HAHA!

Sep 21, 2004 23:59

I shall update finally.

OMG life needs to slow down. My life consists of trying to keep up with friends, work, school, MONEY, and countless other things that are constantly changing. *Sigh*. School has a ridiculous amount of reading to do, and a large amount of costly books I need to buy. As well I have noticed I am drifting away from my friends, not all of them, but most of them I barely have time to talk to at all!

I need a cell phone! Its really hard to keep in touch with people when I'm never at home. I really think a cell phone will drastically help me keep in touch with other people. Also I need more money, and I am serious. I leave my house in the morning and go to work, following work i go to school. Basically I'm not home from 9am until 11pm and its costs me a ton to be out all day, food alone is soooo much! And I eat and drink so much its not like I can just pack a lil sandwich for the day or something. In addition school supplies are costing me. So my entire paycheck goes towards school.

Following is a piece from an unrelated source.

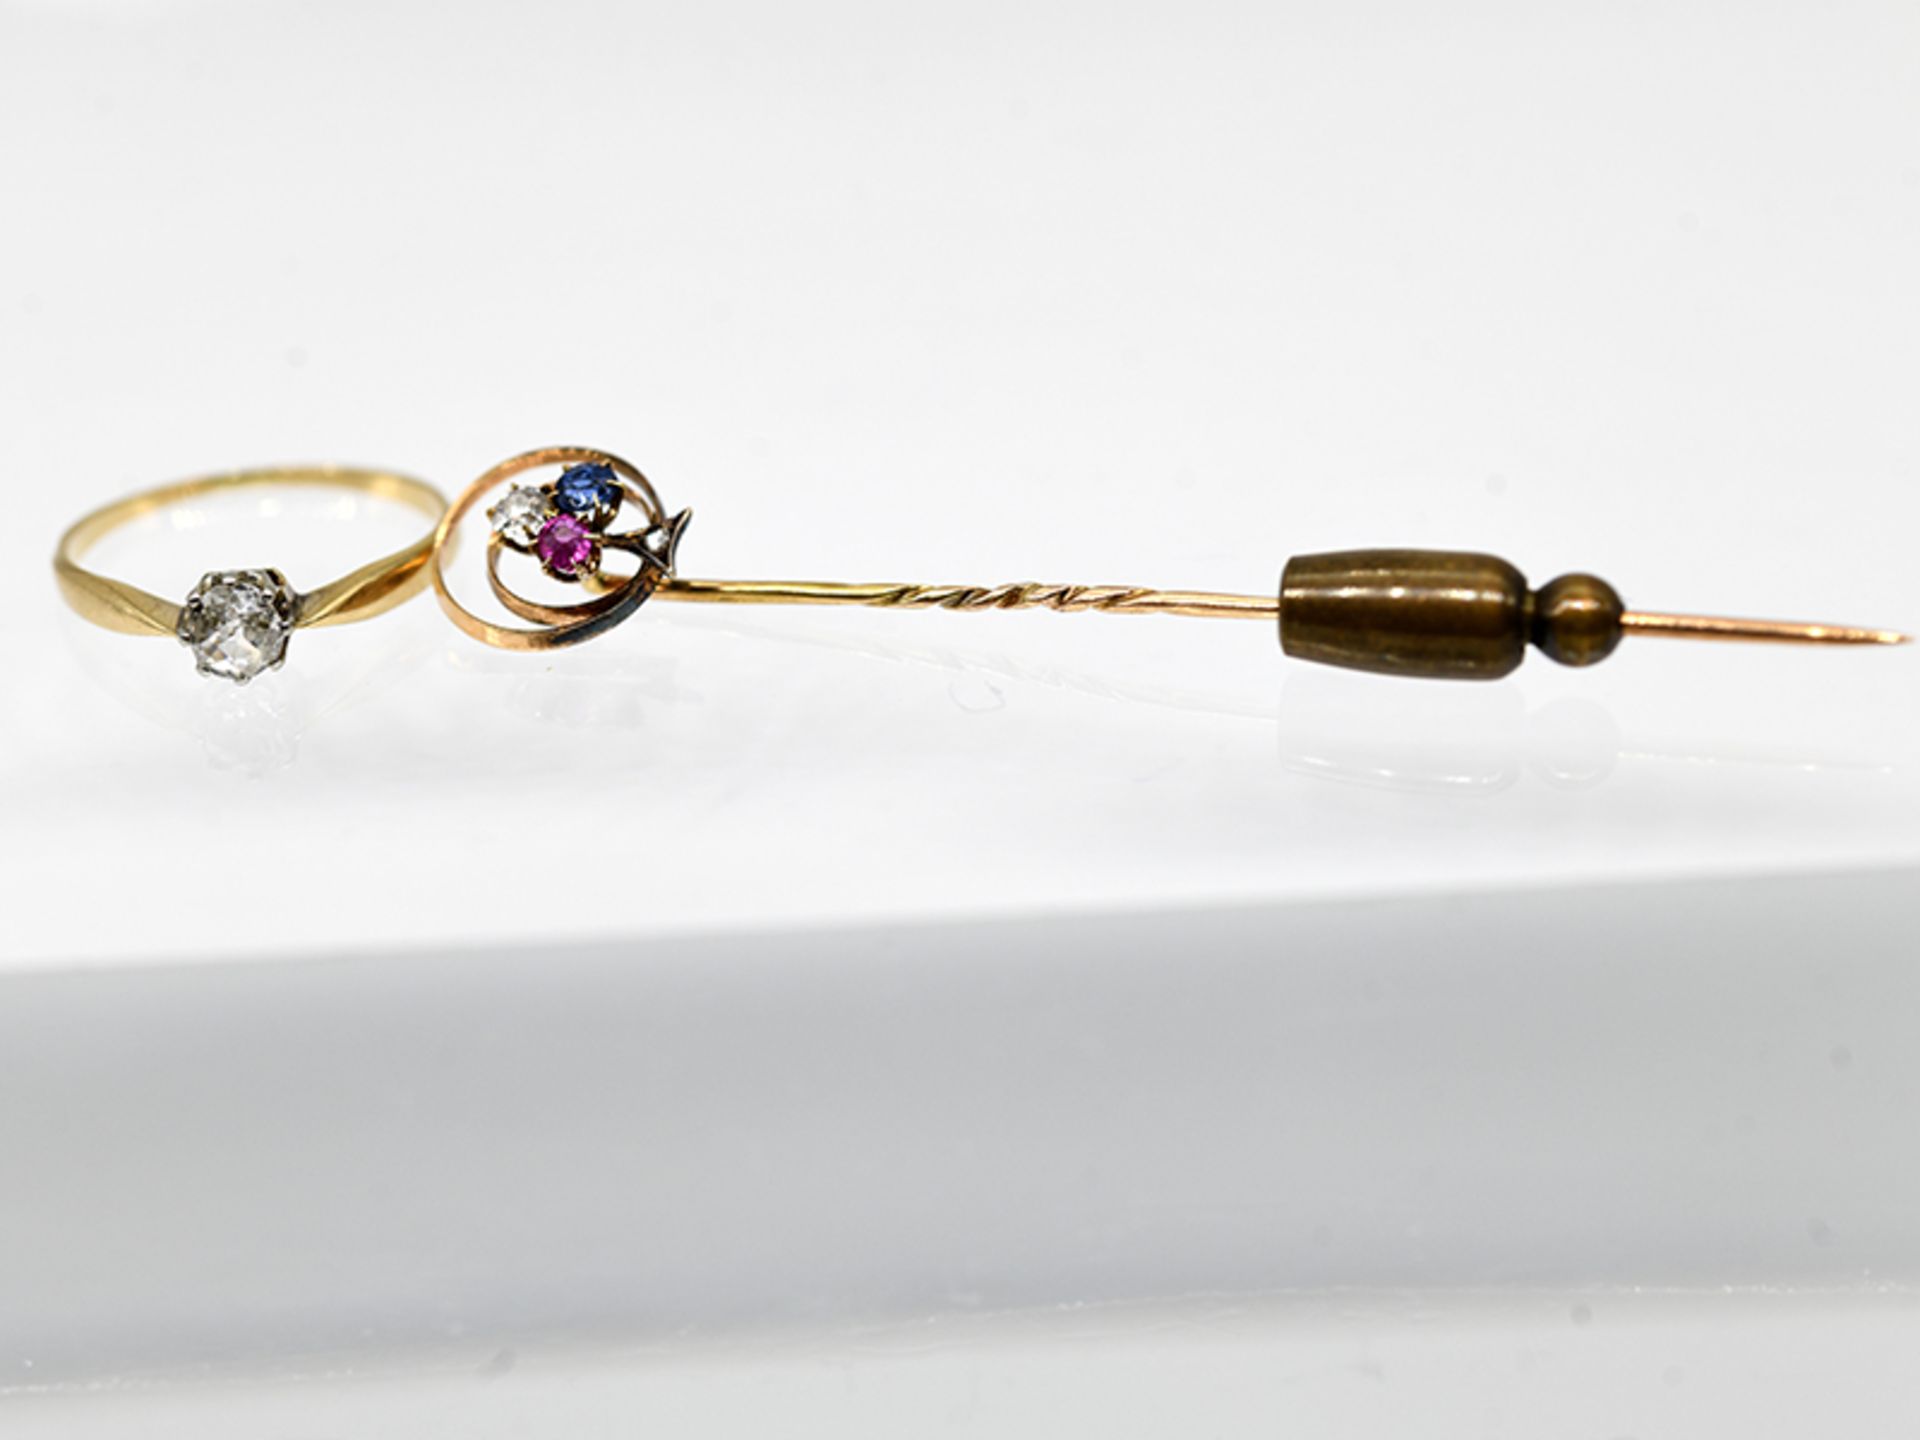 Krawattennadel mit Farbsteinen und Diamanten und Ring mit Altschliff-Diamant ca. 0,2 ct, beides um 1 - Bild 2 aus 2

My love life is gone, and thats fine. However I feel I will be forever waiting for certain things to happen. I don't know if they ever will but I seem to be waiting nonetheless. I'm not even entirely sure what it is I am waiting for.

I need my own room! This needs to be done soon, I've started converting my dads old office to my room but it is taking forever, i really need it done soon. Im driving myself nuts in my own room. actually i seem to be driving myself nuts no matter what is going on.

My mind seems to be flying towards a mental breakdown or depression. Im not sure which, but it feels like its going a million miles a minute and at some point its gonna crash into something. my stress level is rising. SOMEONE SAVE ME *flails wildly*

I have an ever growing list of things to do and no time or energy to ever catch up to them. i feel like i should just give up on everything and aim to just enjoy life. im starting to wish i had taken a year off before going to university. now that ive started im not gonna waste my cash and just drop out but i sorta think i should have though over this before and not just assumed i was ready for university.

ive noticed my health is deteriorating slowly, i usually have problems with stress taking itself out on my body. im hoping that i get it under control soon cause im going slowly insane.

my computer is DYING. yes DYING! i believe i have overrused it to the point where it is about to fall apart at the seams. it is barely working now. i cant afford a new one. what i wwould love is someone to drop a few grand in my lap to buy a top of the line alienware laptop. i could take it to school and type all my notes into it and use it at home.

im sick of running into fake people as well. people who say they will be there but really wont. people who say they care but just want to sorta stand there and listen but not really do anything! sometimes people like that are great but not right now. i need someone who says ill be there for you when you need help and to mean it, to mean it completely and not have some hidden agenda. someone who will genuinely help you out of the good of their hearts if you ask for help.

When the world is spinning one should always try and maintain sanity by remembering great words of wisdom. I have a few Ive heard along the way:

- Sex is an itch, love is forever.
- Life is too important to take seriously.
- A journey to a friends house is never a long one.
- Never put off today telling someone how you feel about them. Tomorrow they might not be there anymore.
- Always make sure to let your friends know how much you appreciate them. It might be those few words that make them feel like they have something to live for.
- Always remember the people who came before you.
- Being a good person might not impress anyone, it might not make you popular or famous, but at the end of each day you will be proud of yourself, and that is the greatest reward of all.

Thats all I can remember. Some are things I've heard from others and some are things I just have thought up myself over time. I should try and stick to them more myself as well.

The sun will rise tomorrow and another day will start, but what happens to those of us who are not finished with the previous day? Do we get left behind? Do we still exist in this day?

Time for me to end this journal. Enough has been said, points have been made, stresses somewhat vented. The world doesn't stop for one persons problems, so I guess I shouldn't either.

Goodnight all, and to all of you I wish happiness and joy.